Huge Keir most defenatly have to take it to a 1/4 pass as soon as possible as I am also dieing to see the results.


----------



## JapFreak786 (Aug 29, 2003)

you going to use the same mobile number in the UK Mo?

when you can down to the UK,let me know about it,be good to see you


----------



## Alan (Jul 1, 2001)

Scott said:


> The car looks great, trust Alan to push you into finishing it, he loves spending others money !!!

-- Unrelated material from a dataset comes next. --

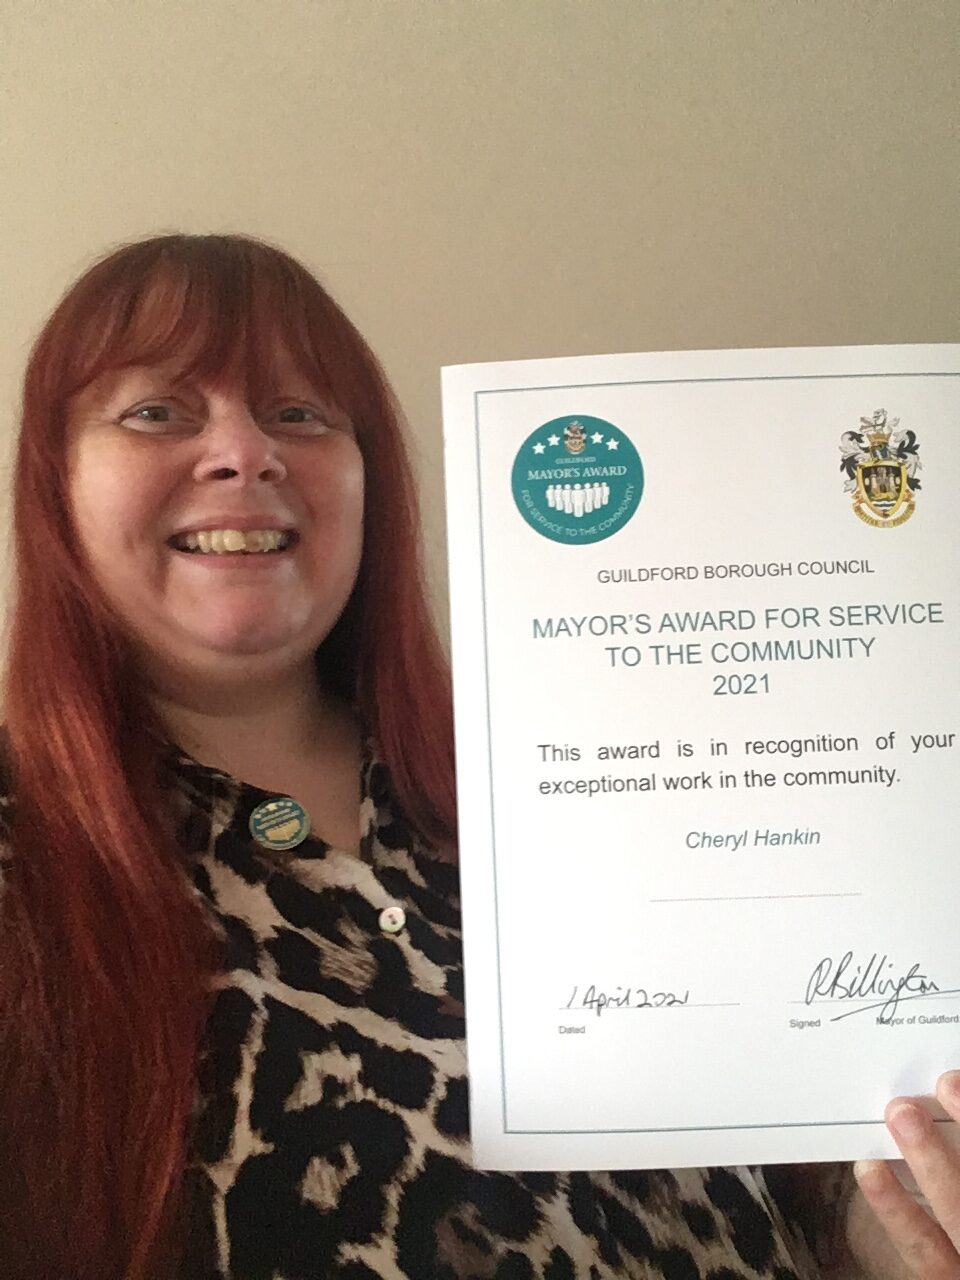 Image of Cheryl Hankin, who runs CTK Recycling, with the certificate for the Major's Award for service to the community which she received in 2021

Oi !!!!!!!!!!!!!!!!!!!!!!!!!!!!!!!!  I only nudged him I didn't push   

Car looks great Moe also sounded good on the phone earlier  

Hopefully see you soon

Best regards Alan


----------



## Richie (Oct 18, 2001)

Looking good Mo!!


----------



## JasonO (Jun 29, 2001)

Looking good Mo, nice to have you back.


----------



## Mazinger (Jan 2, 2003)

Great car, I think you like to listen to bin roo`3a when racing that.

Good luck with the police hassle, wait you are one. lol.


----------



## DauntingGecko (Mar 12, 2005)

You forgot something...


----------



## BBD (May 30, 2002)

Keywords on this thread.

Helicopter, Aeroplane gravyard, farm, meeting, this summer, Dubai, Arab, Police, cup of tea, and all the variouse chemicals being discussed ,, someone is watching this thread and they have nothing to do with cars I assure you.


----------



## bugatti (Aug 26, 2006)

Hi *BBD*

I was there in autodrome yesterday, and saw you and your nice car.









This is my first post and i'm a noob when it comes to mods.


----------



## mana_r32 (Jun 24, 2006)

shiiiiiiiiit , motar fanan ! 
ماشاء الله


----------



## NameIsStanley (Aug 16, 2006)

dubai, home to many nice cars including yours. :thumbsup:


----------



## Liquid Crystal (Jan 15, 2006)

Nice job BBD, waiting for the records


----------



## bugatti (Aug 26, 2006)

NameIsStanley said:


> dubai, home to many nice cars including yours. :thumbsup:


thanks for the appreciation of cars in dubai ! :bowdown1:


----------



## R33_GTS-t (Apr 27, 2005)

Awesome car.:thumbsup: Unusual for drivers in Dubai to fit a HKS T51R though.... not. 

What capacity are you running?


----------



## gtrlux (Mar 8, 2006)

BBD, nice car man, do you have a wider wheel arch behind. looks wider or it's just the picture.?


----------



## KING-GTR (Aug 28, 2006)

*Excellent jop*

Nice ride !


----------



## KING-GTR (Aug 28, 2006)

*Hi every body*

Yes this is my first time writting , man I love what you did to your GTR :clap: . for me the words GTR is stand for Greatfull To Race :bowdown1: .


----------



## V_Spec (Aug 19, 2006)

nice work!

where did you find that sprocket clear case? looks awesome!


----------



## KING-GTR (Aug 28, 2006)

*clear sprocket case*

Can I answer that , I used the same clear sprocket case it looks super nice ,but only for limit time becasue after some time which depends of using the car ,it slowely start to change colour antil the sprocket view gone:sadwavey: . The same problem faced to my freind who has the same clear sprocket case:chairshot . THANKS


----------



## Chou (Apr 18, 2005)

fantastic car Mo


----------



## BBD (May 30, 2002)

Ya I didnt wash the car prior to the event and it was the first track day for the car with the new engine setup the day was hot around 42C when it started all engine temps were very good and power was good,, the only other car that was able to stay up with me was the Carrera GT on the stright it pulled away like a train but when it came to the corners I could over take it and stayed that way till the owner spun it infront of me.

I too had some problems by third session due to brake over heating and I am looking into solving that problem now.

The other Skyline I would like to point out is a friend of mine who also posts ont his fourm called tracker strandard GTR32 with only minor modification went the day without much problems


----------



## bugatti (Aug 26, 2006)

BBD said:


> The other Skyline I would like to point out is a friend of mine who also posts ont his fourm called tracker strandard GTR32 with only minor modification went the day without much problems


His skyline made a lot of noise ! 

Please let me know in advance about these track days. My friend wants to attend it with his Porsche GT3


----------